Глава 2: Монстр. (2/2)
— А ты силён, раз забрался так далеко, — привязанный хрипит, как старый пёс, но больше не шевелится, а только смотрит-смотрит-смотрит. Прожигает взглядом. Сил отвернуться вообще нет. — Неужто сила воли? Или простой интерес? Всех местных я выгнал четверо суток назад и подойти никто не мог, чтоб не свалиться от перевозбуждения. А ты, видимо, покрепче орешек. У тебя пожрать ничего нет? Я как бы тут… — говорящий подёргал себя за цепь, не спуская взгляда с Бакуго, который уже почти лишился сознания от этого грёбанного жара внутри тела. Что вообще говорит этот идиот? — А, точно! — этот кто-то хлопнул себя по лбу, а потом так глазами сверкнул в сторону Катсуки, что путнику аж плохо стало, и поманил к себе двумя пальцами.
Бакуго внутри истерически смеётся во весь голос. И это ничтожество думает, что Бакуго на такое поведётся? Он ему не тупая слабовольная кукла, чтоб идти к кому-то по мановению пальчика.

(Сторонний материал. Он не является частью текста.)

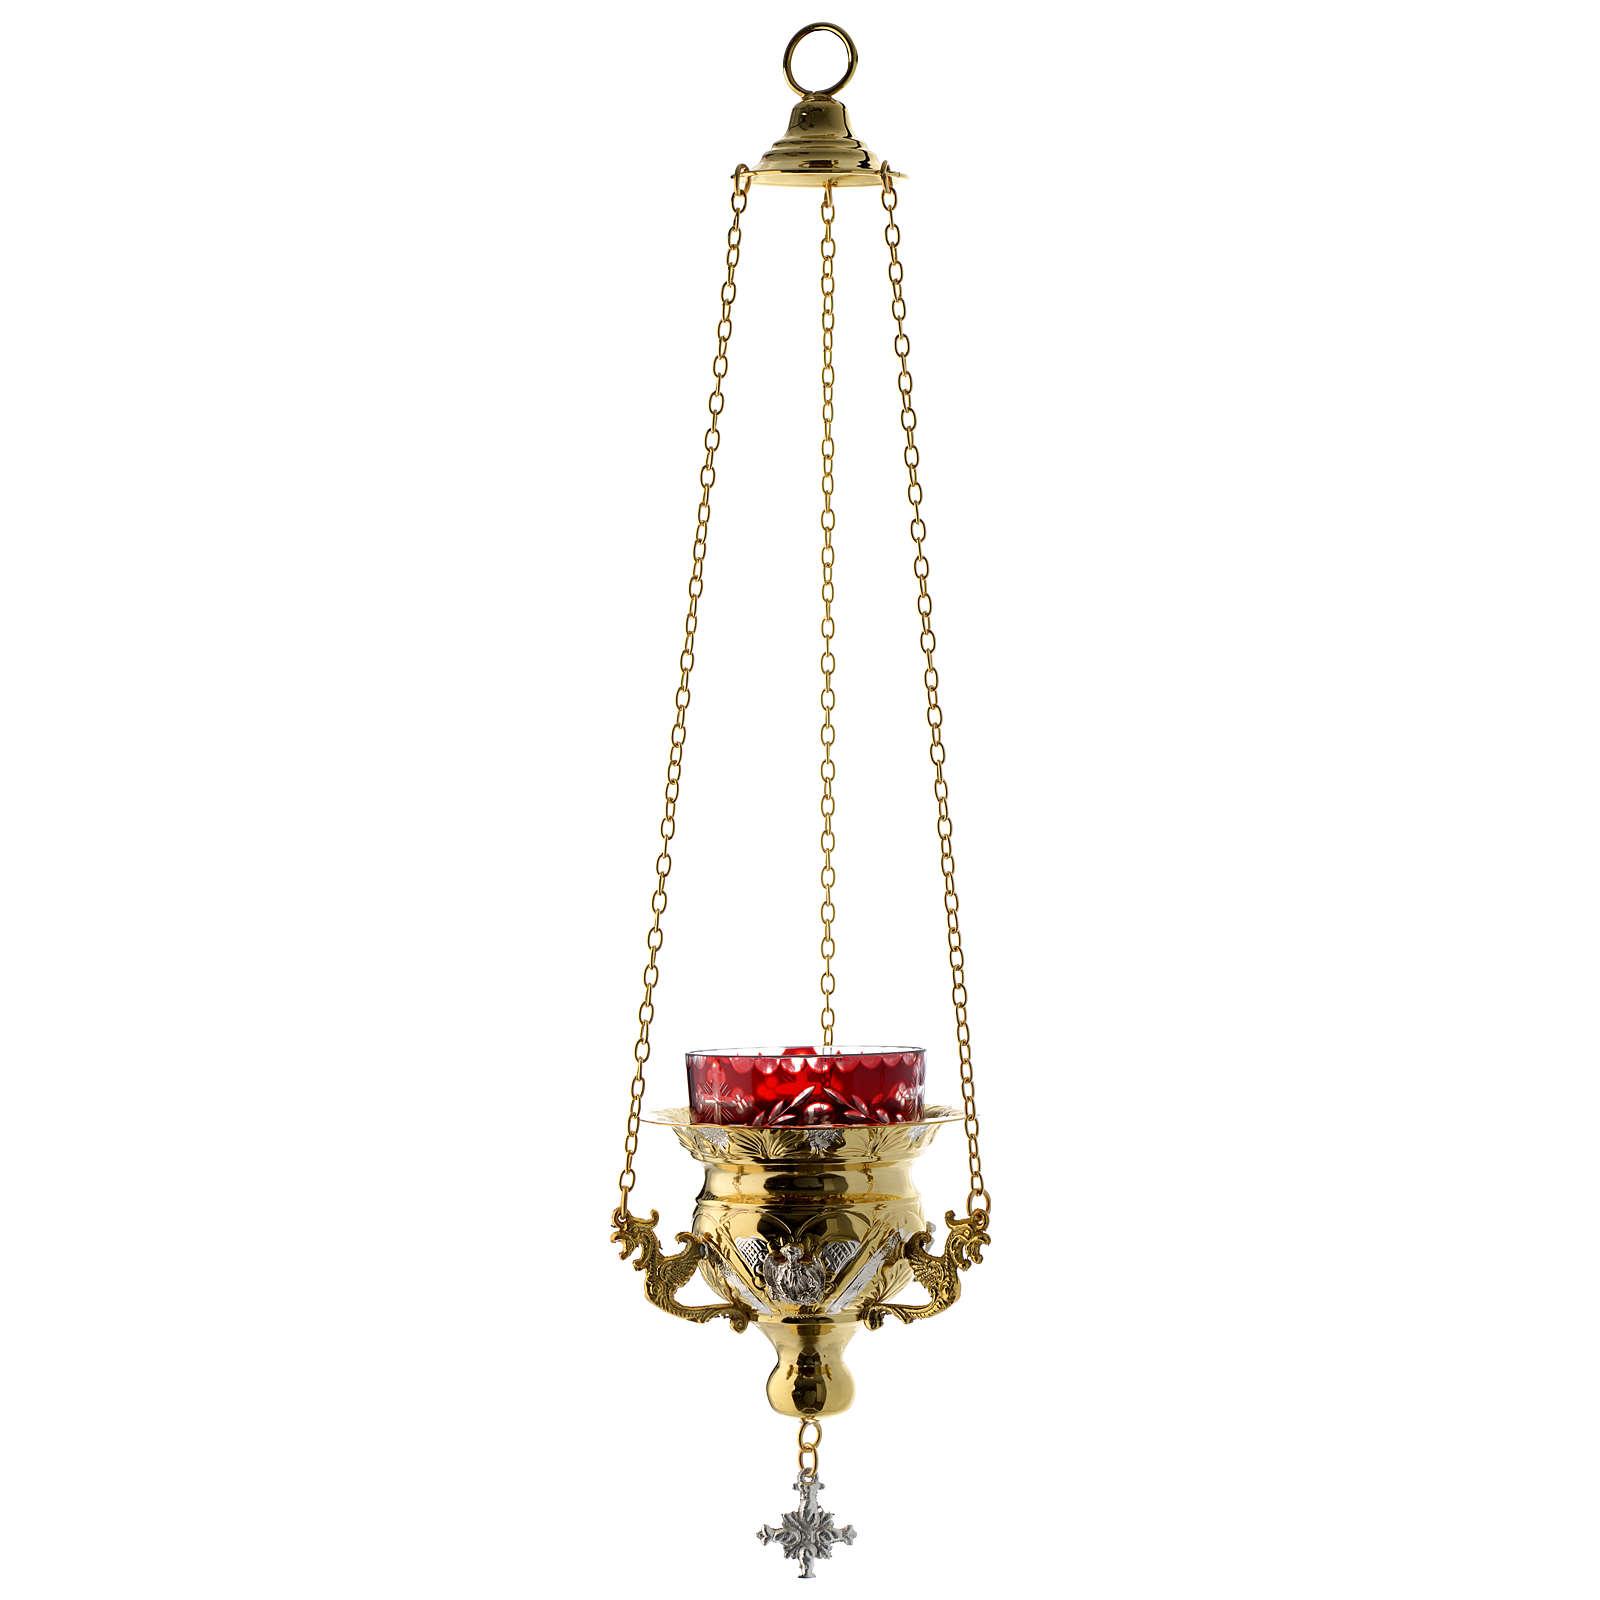 Lampada per Santissimo Ortodossa dorata cm 12X11.5 3
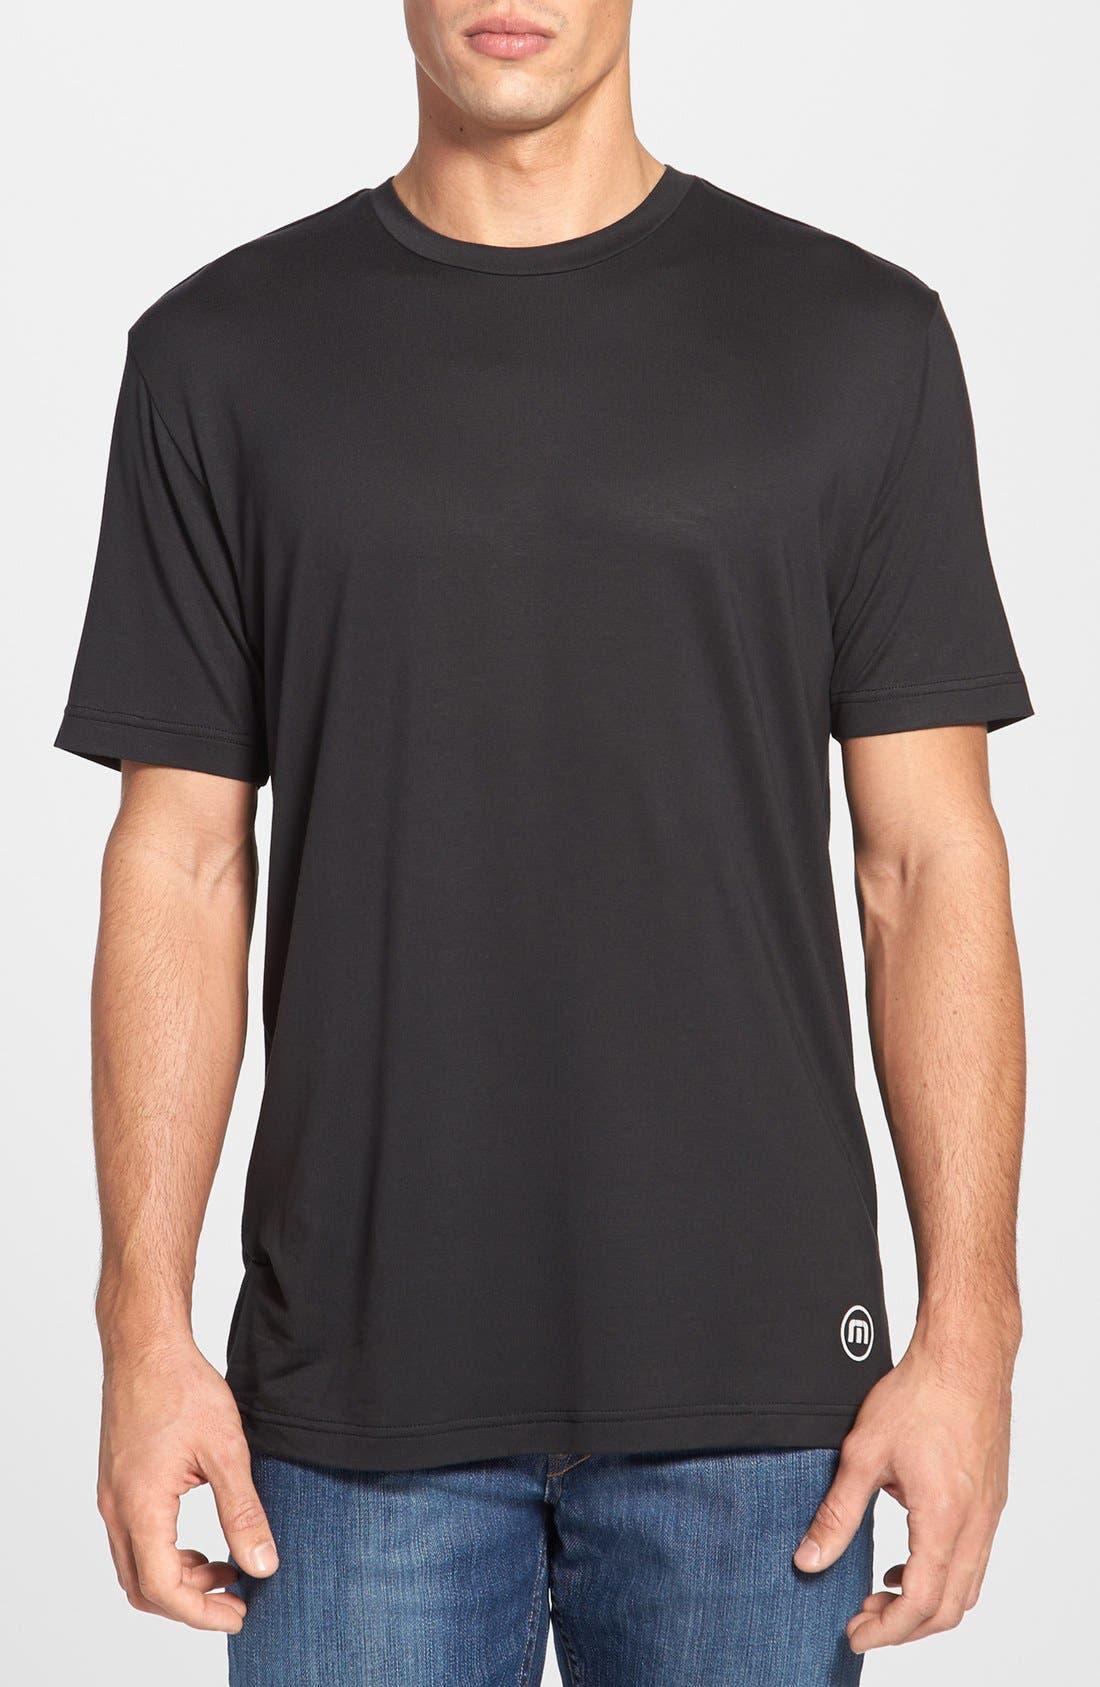 Alternate Image 1 Selected - Travis Mathew 'Upshall' Trim Fit T-Shirt

Катсуки даже открывает рот, чтобы послать это создание далеко и надолго, а потом как-то свалить, чтобы передохнуть, но из горла неожиданно вырывается хриплое «да», а тело начинает двигаться, только не туда, куда надо, а прямиком к статуе, под которой сидела эта сука, прикованная к столбу. Рюкзак остаётся там, где он был только полминуты назад, а сам Бакуго подползает к человеку, если его можно так назвать, на котором и нет ничего, кроме лёгких на вид штанов, и заваливается на бок, закрывая глаза.
Прикованное существо облизывается. Сколько же много на свете дураков, готовых потерять свою жизнь из-за жажды денег и славы. Надо же, посмотрите, этот герой убил монстра. Подождите-ка… Нет! Теперь он будет жить тут и питаться вот такими вот идиотами. И за горожан примется. Нечего было совать не в свои дела свои длинные носы.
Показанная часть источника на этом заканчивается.